Quantitative real-time PCR (qPCR) was conducted using the following primer sequences for
Slc2a6 (forward primer: GCG ACT CCT GGA GAG AGA GA, reverse primer: CAG GAT GCC TGG ATT TTG TC),
Slc2a2 (forward primer: TGT GCT GCT GGA TAA ATT CGC CTG, reverse primer: AAC CAT GAA CCA AGG GAT TGG ACC) and the housekeeping gene
Ppia (forward primer: CGA TGA CGA GCC CTT GG, reverse primer: TCT GCT GTC TTT GGA ACT TTG TC). PCR products were amplified in the following (15 µL) reaction: 700 nM primers, 7.5 µL iTaq Universal SYBR Green Supermix (Bio-Rad), 3.5 µL nuclease-free water, and 2 µL cDNA, using an Applied Biosystems ViiA7 Real-Time PCR System (Thermofisher, Waltham, MA, USA). PCR cycling conditions were as follows: 95 °C (20 s), 40 cycles (95 °C (1 s) and 60 °C (20 s)) and melt curve stage (95 °C (15 s), 60 °C (1 min), and 95 °C (15 s)). qPCR analysis was performed using the Pfaffl method [
32].
4.9. Statistical Analysis
All statistical analyses were conducted using Graphpad Prism 9.3.1 (San Diego, CA, USA). Data show mean ± SEM, and data points indicate biological replicates unless otherwise specified. A p-value of less than 0.05 was considered statistically significant.

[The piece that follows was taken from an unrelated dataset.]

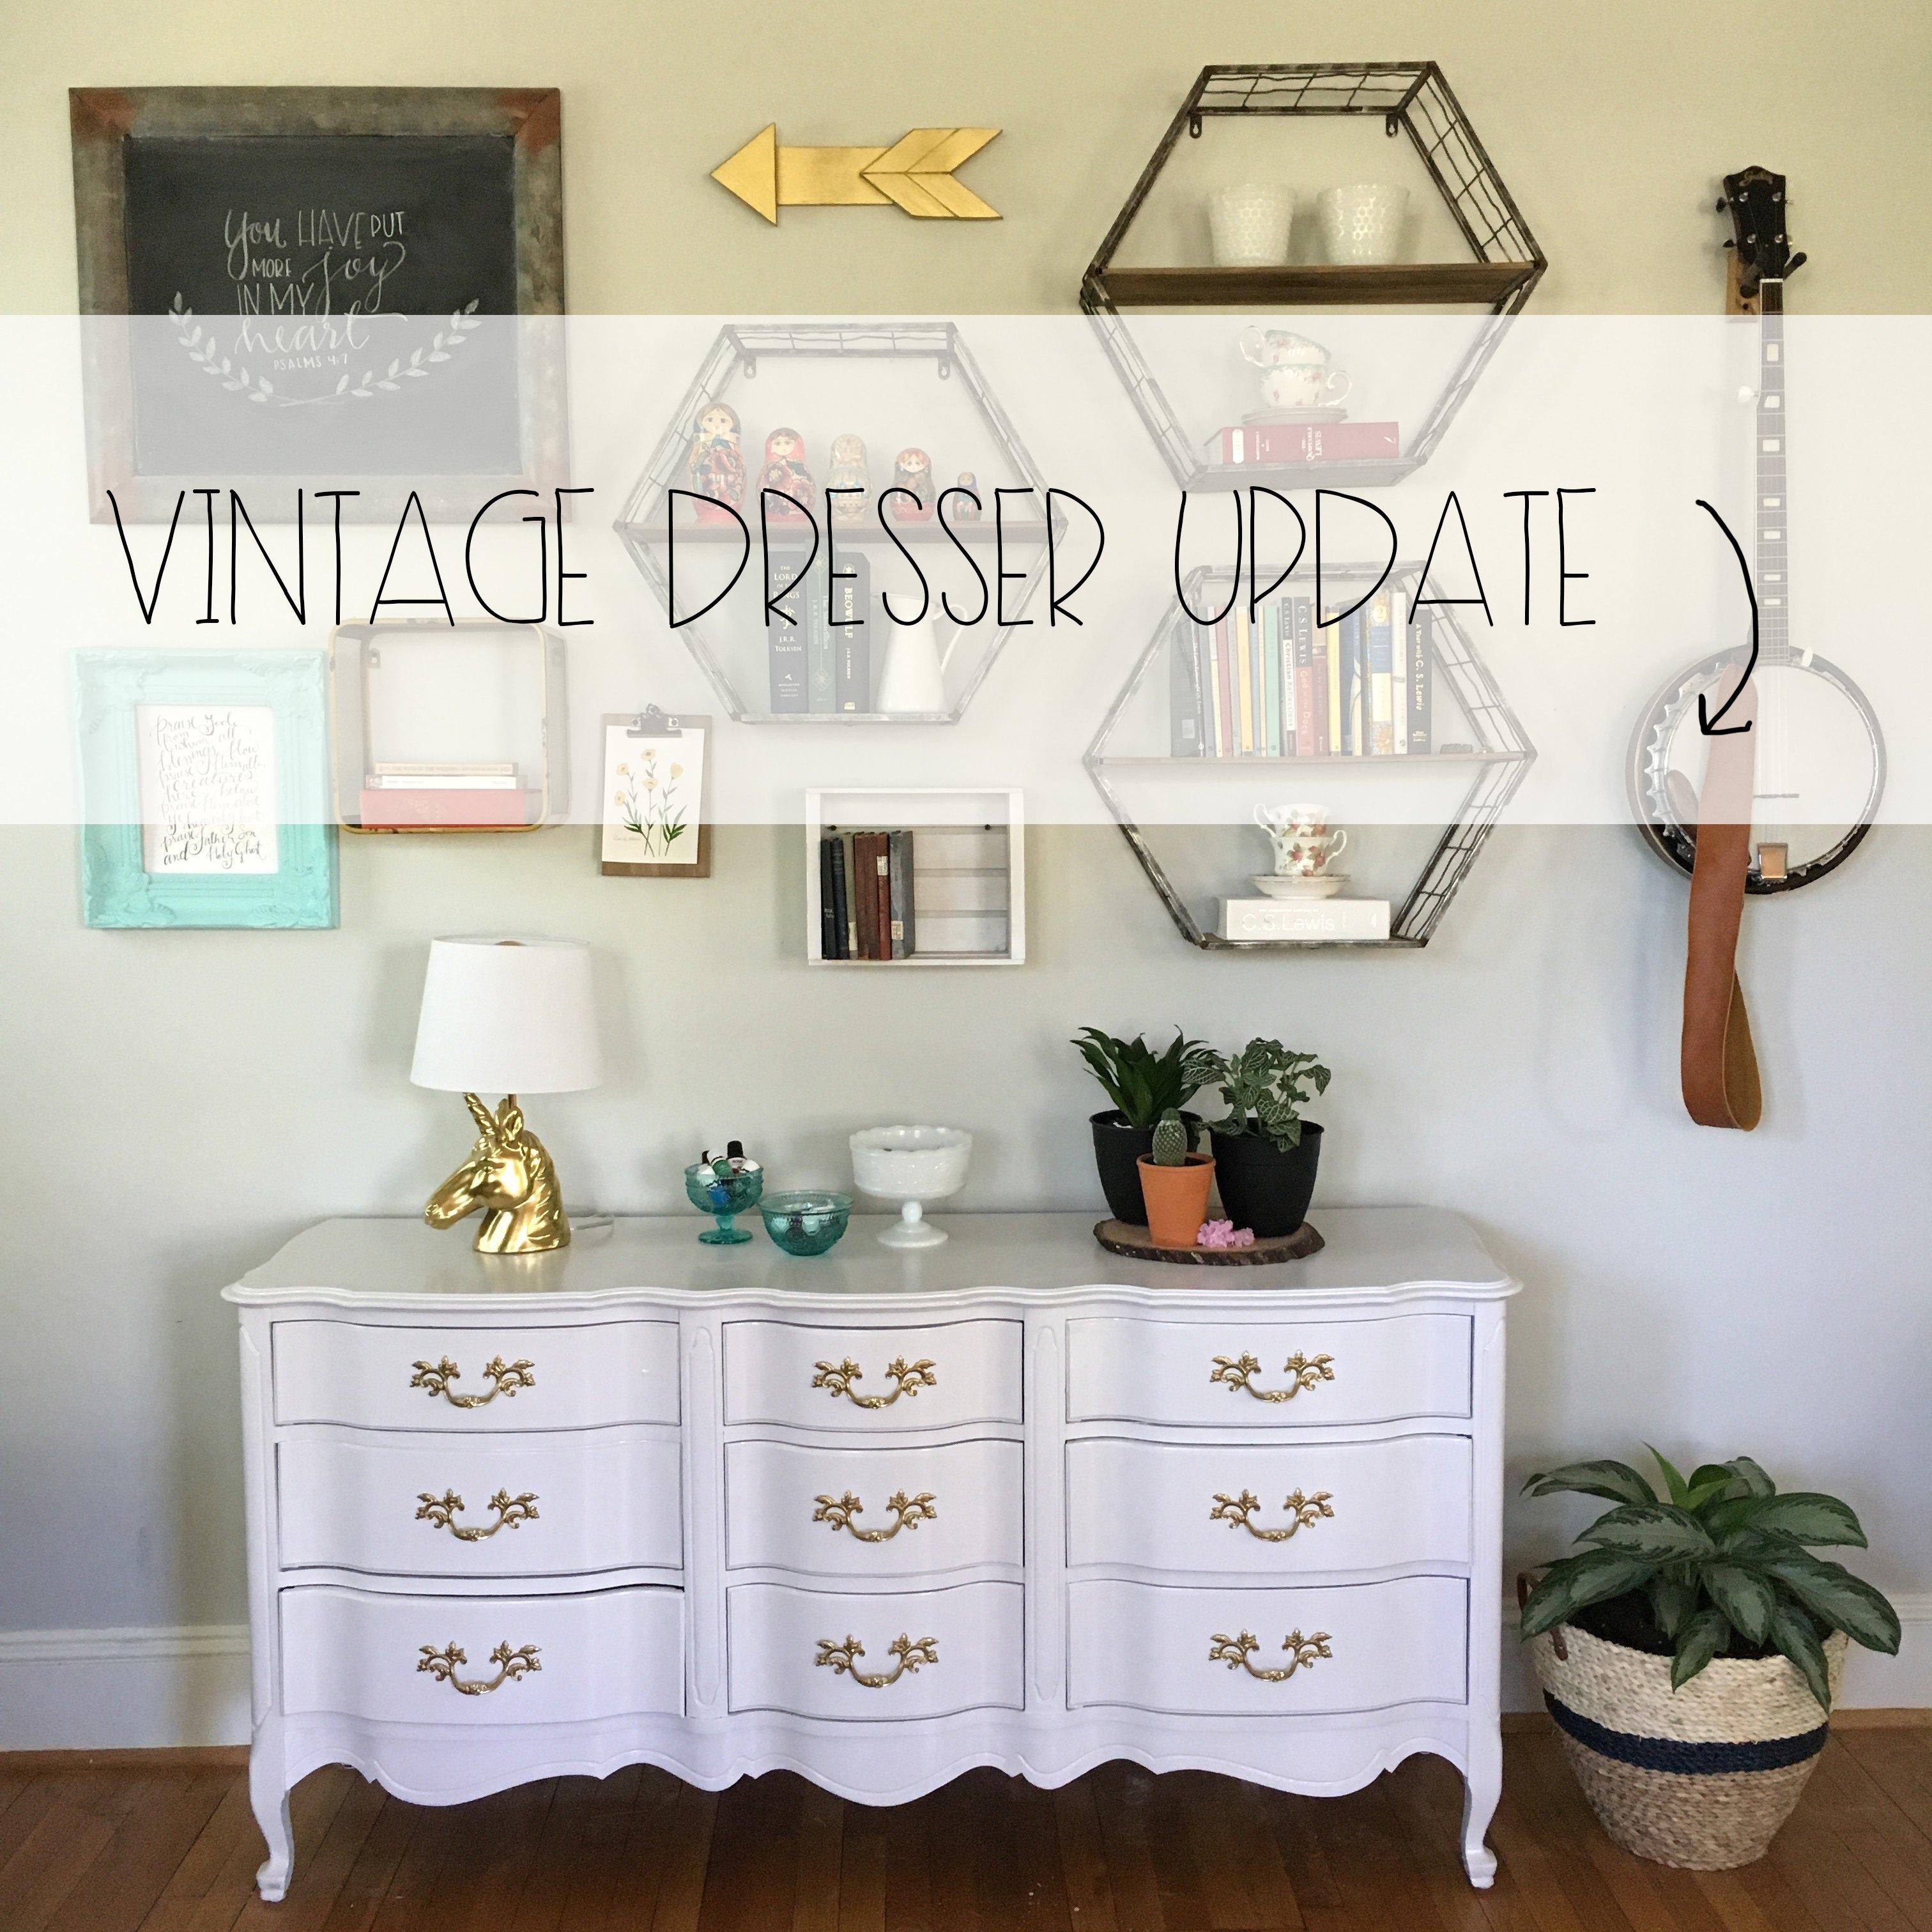 Vintage Dresser Update featured
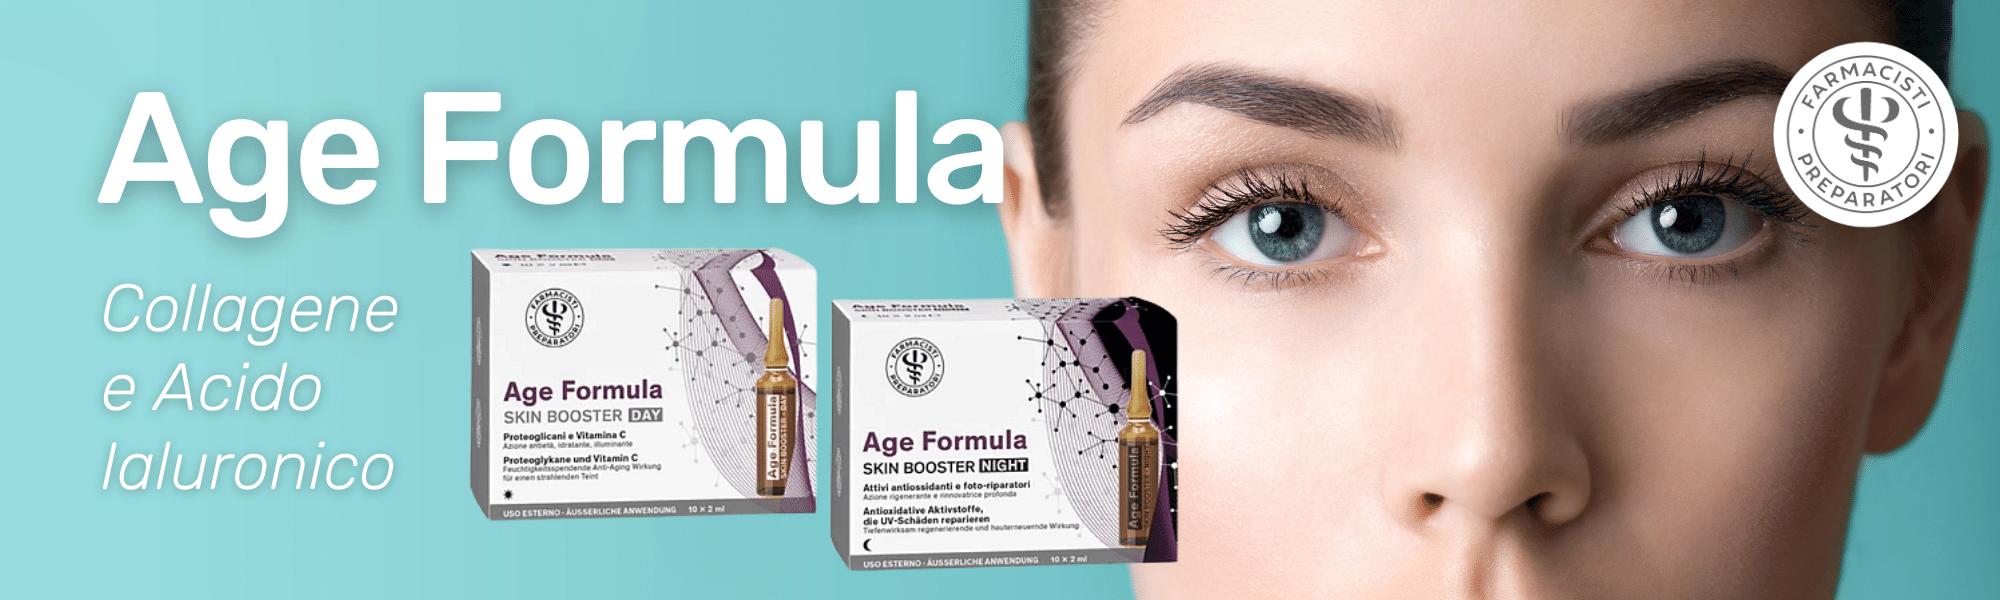 Age Formula Skin Booster Farmacisti Preparatori

For gene expression data with more than two groups, significance was determined by two-way ANOVA with Sidak’s correction. When comparing only two groups, the Student’s T-test was performed. Pearson’s correlation was conducted on human SLC2A6 expression and BMI data. For body weight, body composition, and glucose tolerance data that were normally distributed with standard deviations that were not significantly different according to the Brown–Forsythe test, significance was assessed by one-way ANOVA with Sidak’s correction. For data that failed the Brown–Forsythe test, Welch’s one-way ANOVA with Dunnett’s correction was performed instead. The Kruskal–Wallis test with Dunn’s correction was utilized for non-parametric data. For fed and fasted glucose and insulin data, significance was assessed by two-way ANOVA with multiple comparisons using Graphpad Prism QuickCalcs, which performs Bonferroni’s correction and allows for the manual selection of relevant comparisons to avoid inappropriate comparison of groups where both Lep and Slc2a6 genotypes were different.
For GSIS data, data points indicate biological replicates, which are the average of 4 technical replicate wells per mouse. Any outlier wells were removed using Grubbs’ test [
33]. Significance was assessed by two-way ANOVA with Sidak’s multiple comparisons test.